Installation and Deployment

Using Docker (Recommended)

See the Quick Start (Docker) section.

To build the image manually:

docker build -t opcua-gateway .

To run the container manually (make sure you have your .env file ready):

docker run -d \
  -p 3000:3000 \
  --name opcua-gw \
  --env-file .env \
  opcua-gateway

Native Development Setup

# 1. Clone the repository (if you haven't already)
git clone https://github.com/tinroad/opcua-gateway
cd opcua-gateway

# 2. Install dependencies
npm install

# 3. Configure environment variables
cp .env.example .env
# Edit .env with your development settings

# 4. Start development server (with nodemon for auto-reloading)
npm run dev

Native Production Deployment

# 1. Make sure you have Node.js >= 14.0.0 on your server

# 2. Clone or copy the source code to your server

# 3. Install ONLY production dependencies
npm install --production

# 4. Configure environment variables in `.env`
# MAKE SURE TO USE SECURE CREDENTIALS AND SETTINGS FOR PRODUCTION!

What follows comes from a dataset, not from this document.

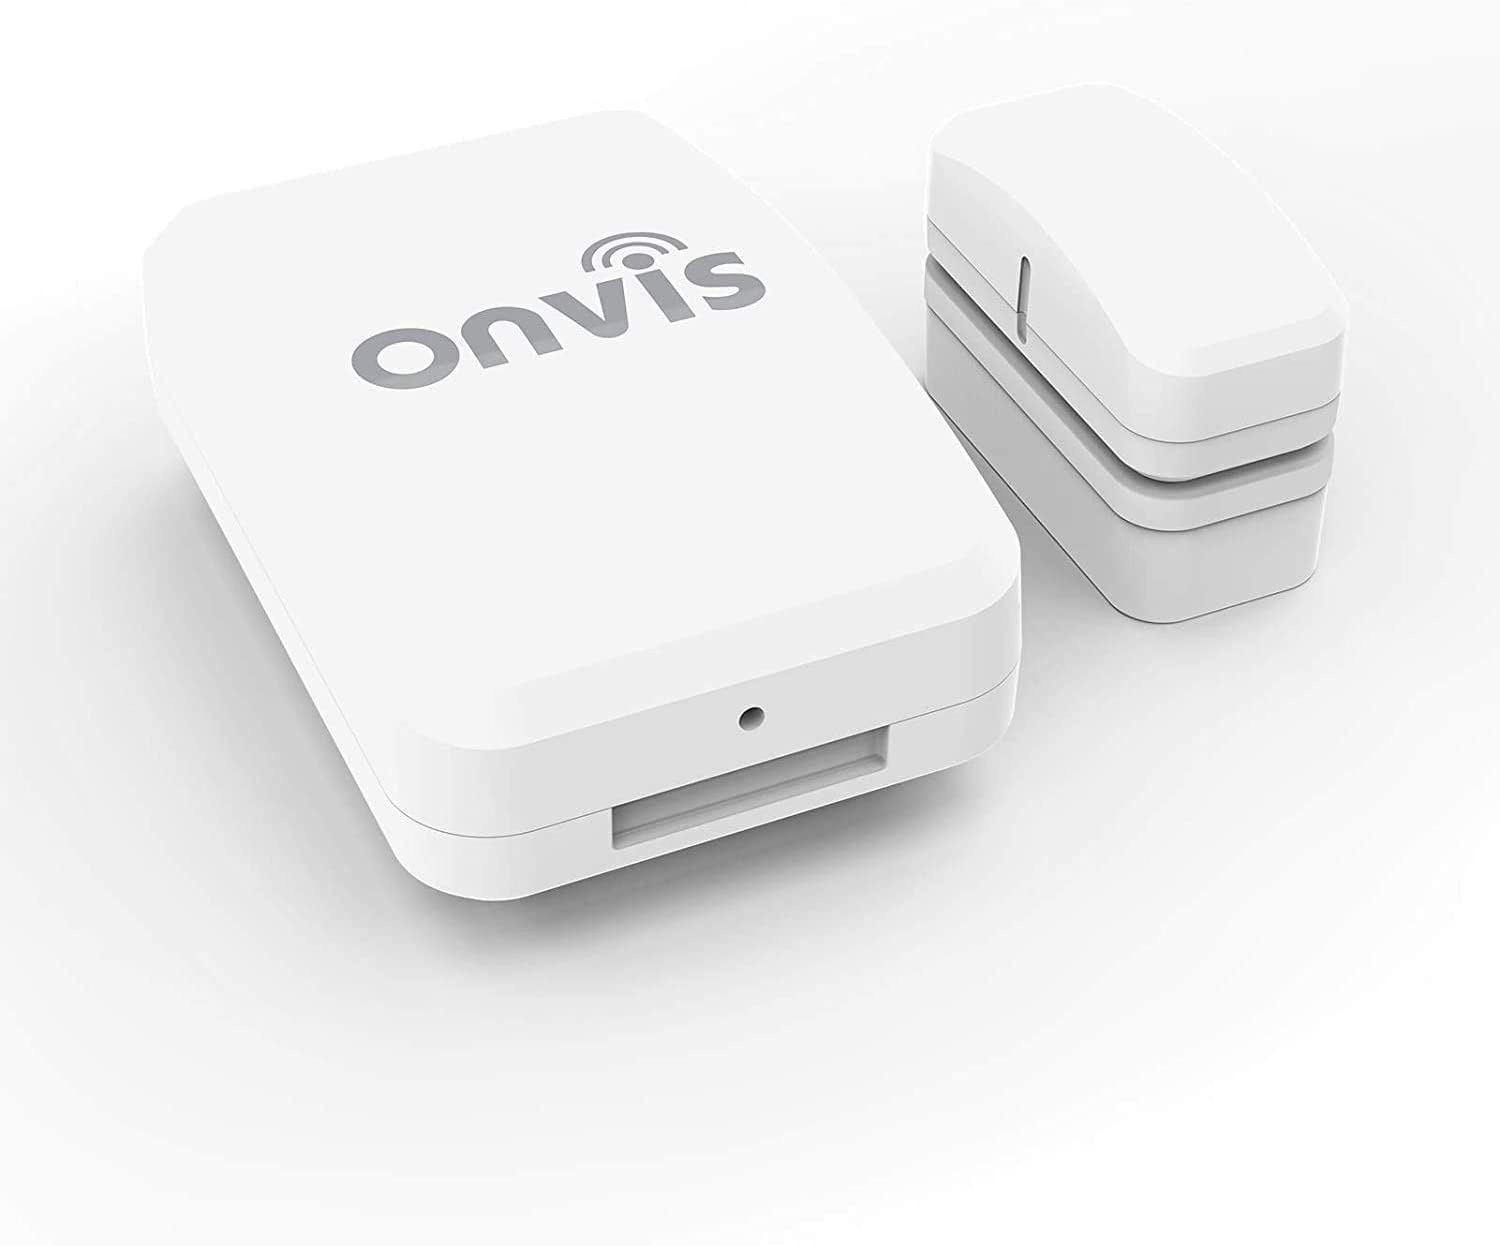 The Onvis Bluetooth 5.0 contact sensor is available for pre order

# 5. Start the server (recommended to use a process manager like pm2)
npm start
# Or with pm2:
# pm2 start src/server.js --name opcua-gateway

Configuration

Environment Variables

The gateway is fully configured via environment variables defined in a .env file in the project root. Copy .env.example to get started.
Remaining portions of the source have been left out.